Restate every line of the material below word for word, skipping the images.

▸ Supplied material:
= Beginning of Section =

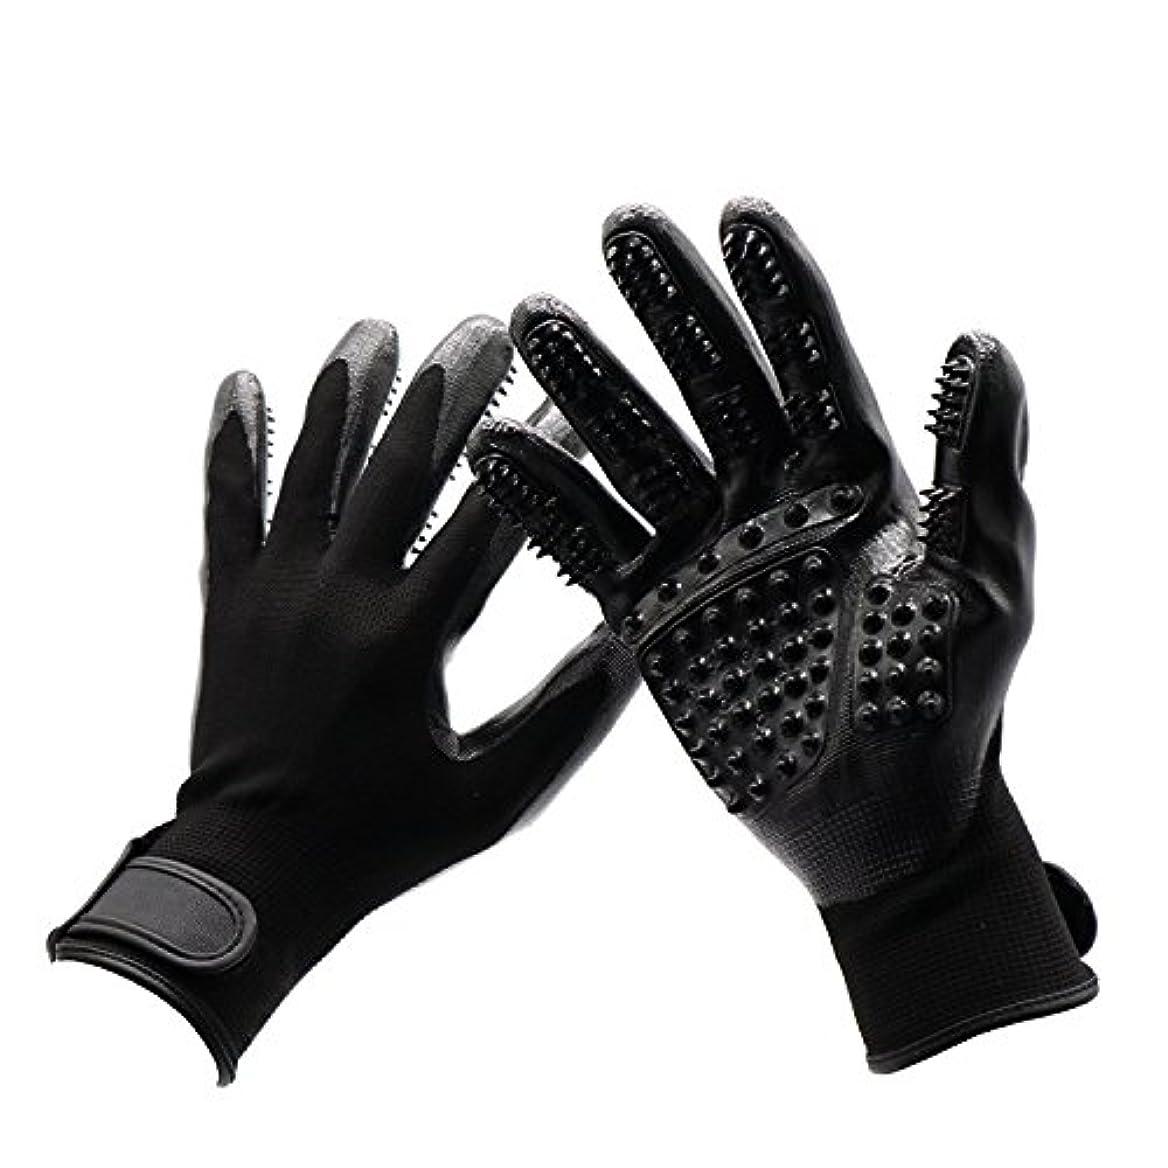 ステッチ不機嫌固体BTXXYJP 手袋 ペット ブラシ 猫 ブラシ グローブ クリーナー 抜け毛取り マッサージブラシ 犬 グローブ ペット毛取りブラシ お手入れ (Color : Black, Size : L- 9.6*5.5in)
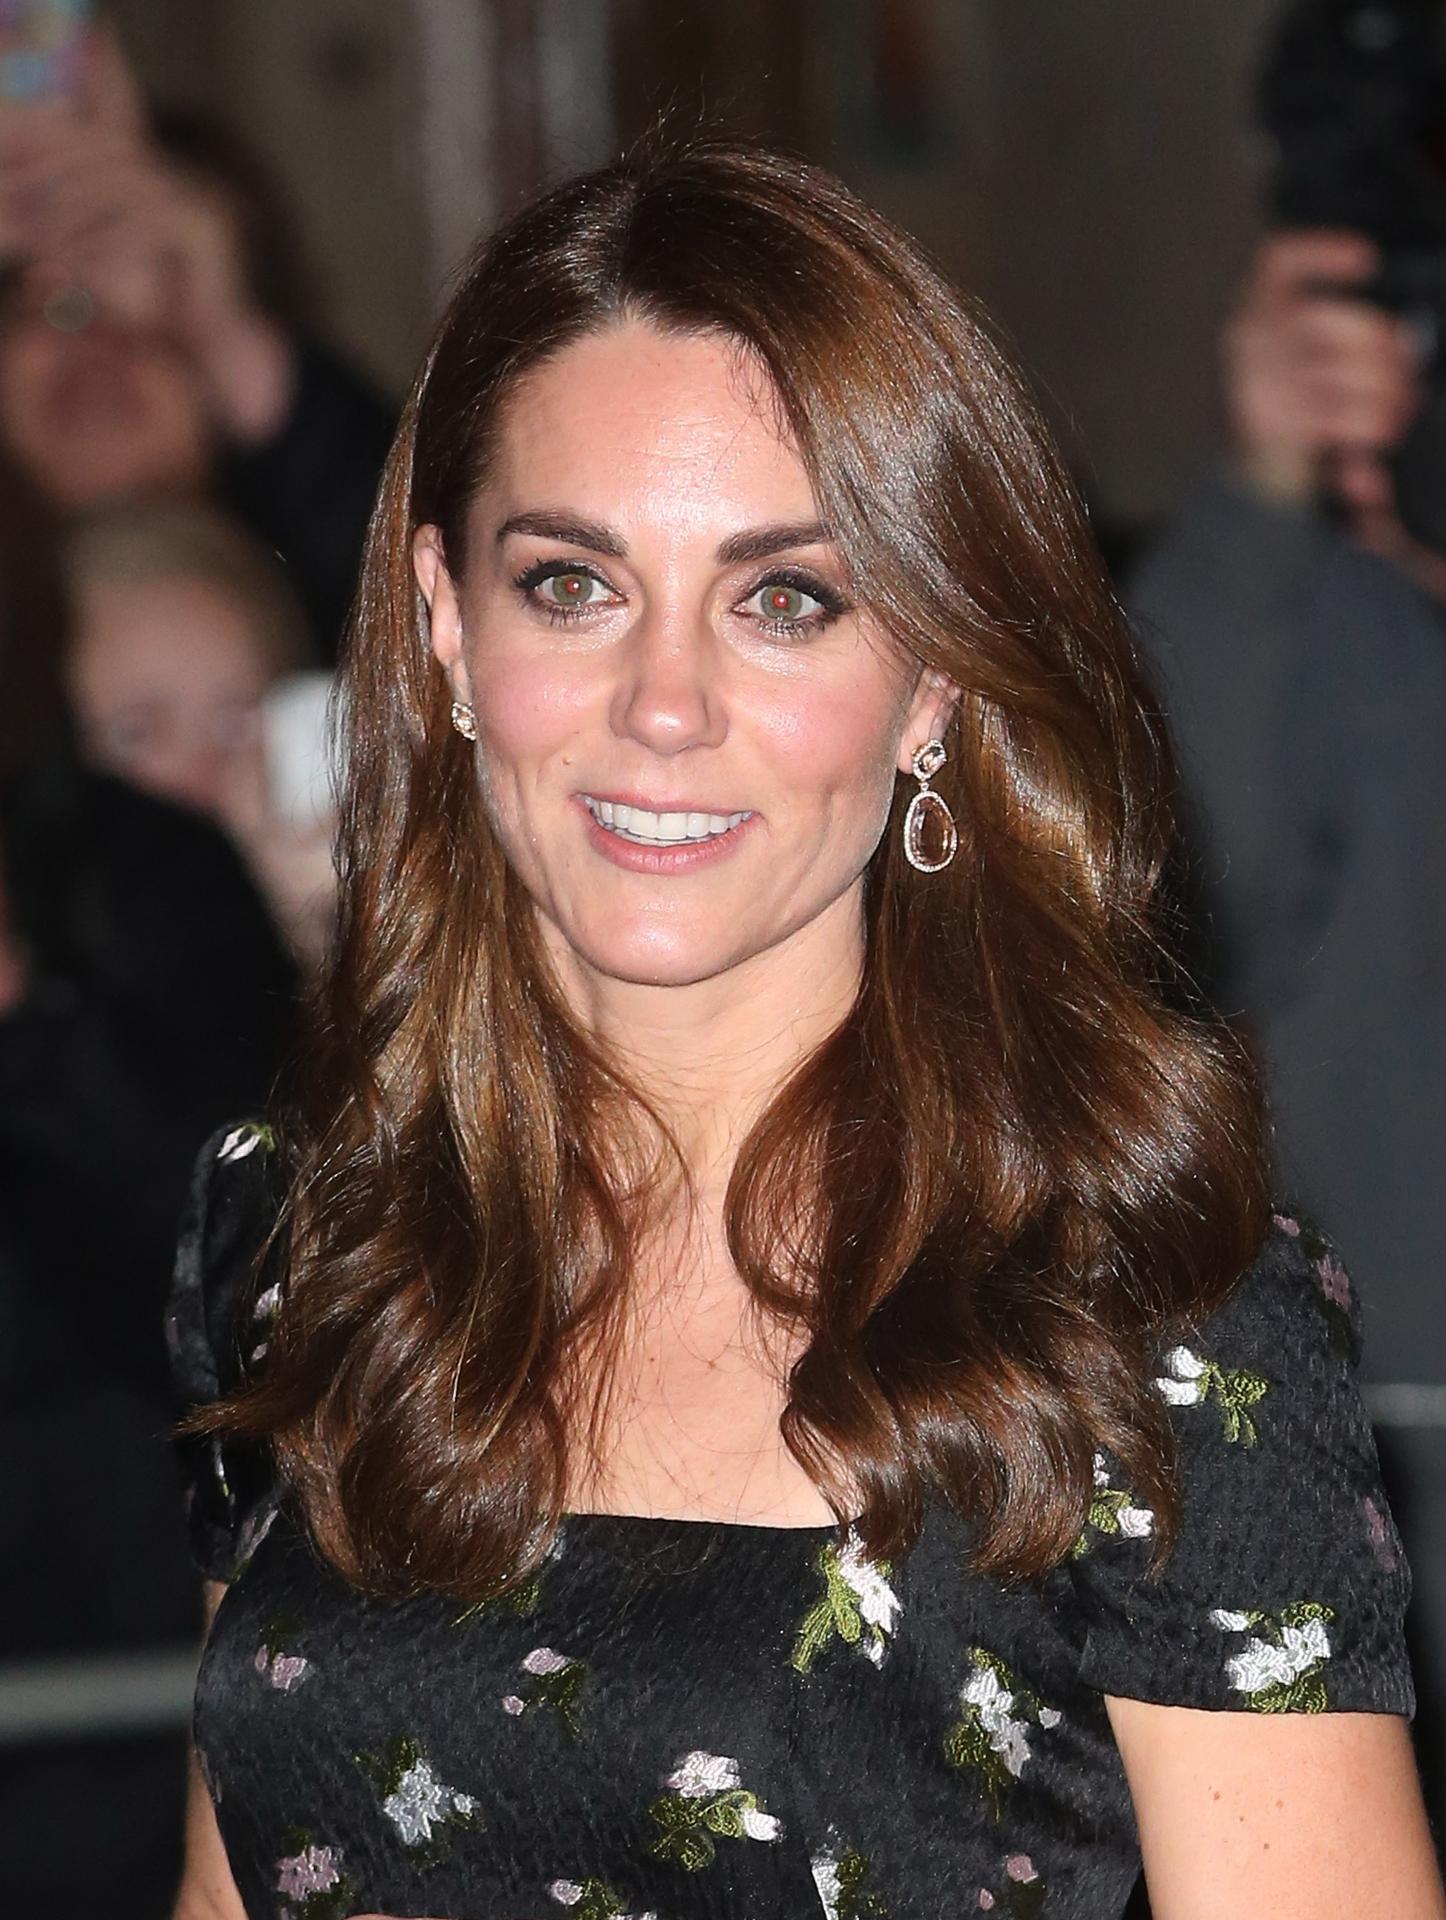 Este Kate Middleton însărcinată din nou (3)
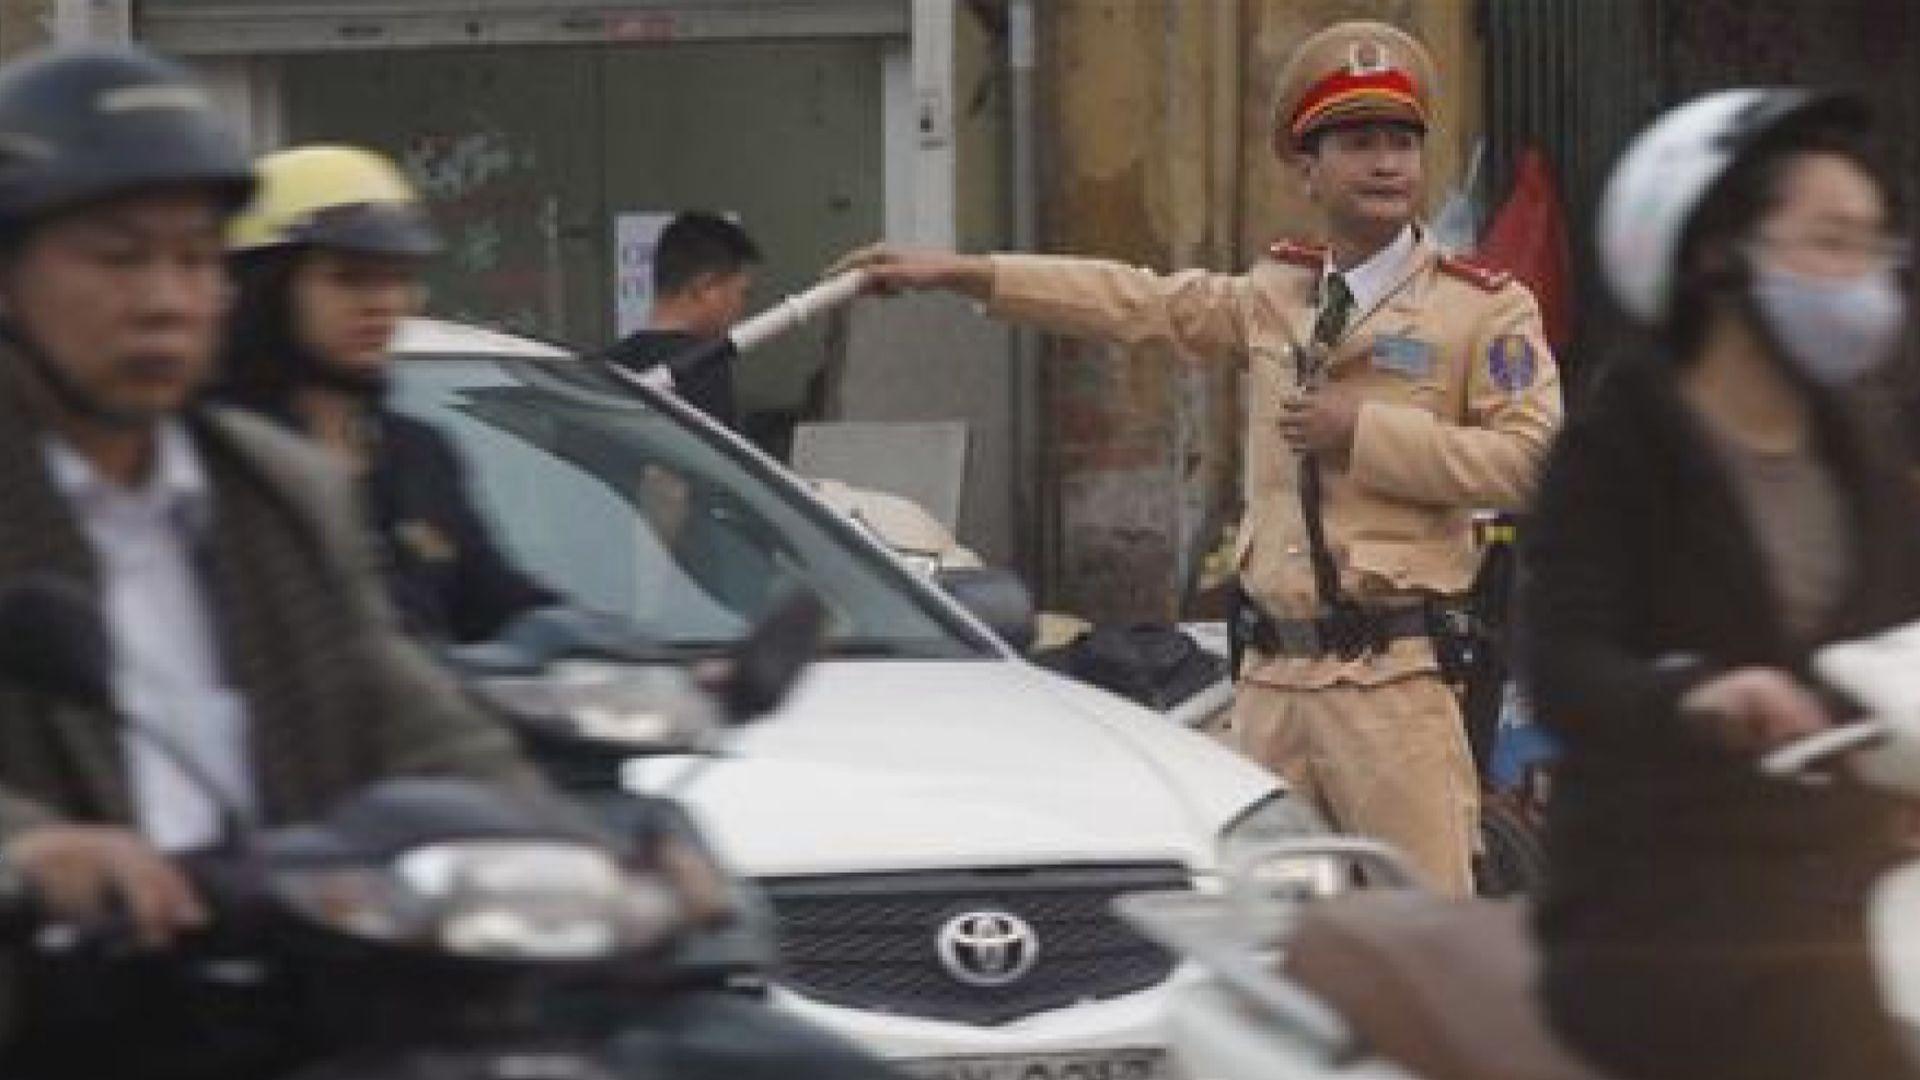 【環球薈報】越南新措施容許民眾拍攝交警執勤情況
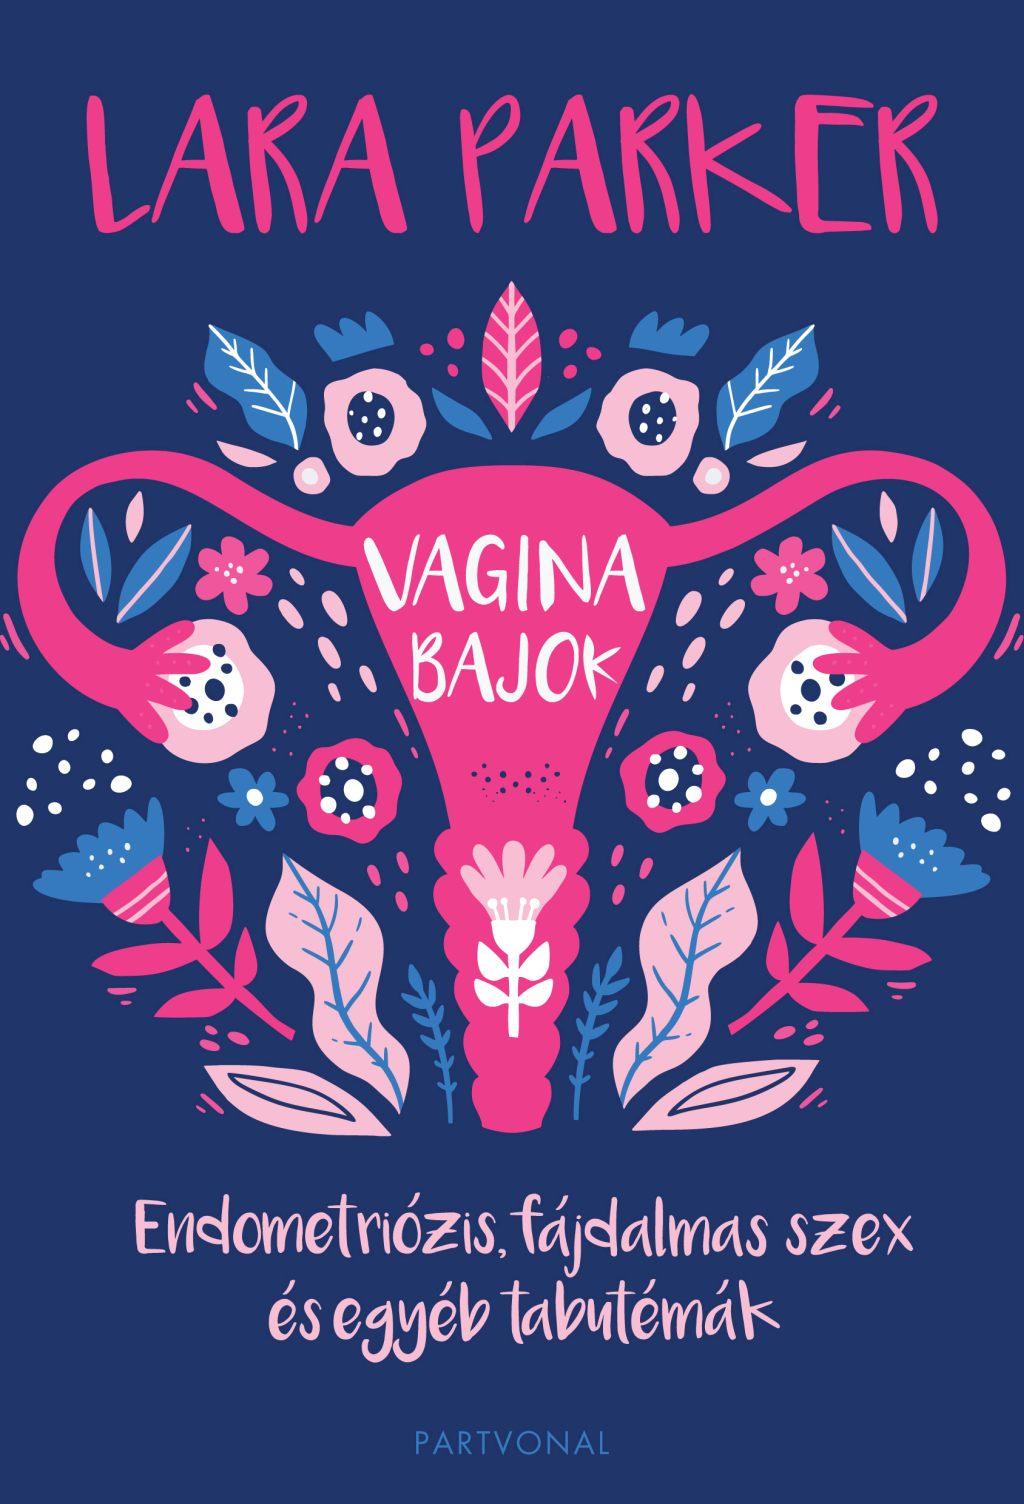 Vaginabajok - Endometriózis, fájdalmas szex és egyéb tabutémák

= End of Section =

▸ Answer space:
 ステッチ不機嫌固体BTXXYJP 手袋 ペット ブラシ 猫 ブラシ グローブ クリーナー 抜け毛取り マッサージブラシ 犬 グローブ ペット毛取りブラシ お手入れ (Color : Black, Size : L- 9.6*5.5in)
 Este Kate Middleton însărcinată din nou (3)
 【環球薈報】越南新措施容許民眾拍攝交警執勤情況
 Vaginabajok - Endometriózis, fájdalmas szex és egyéb tabutémák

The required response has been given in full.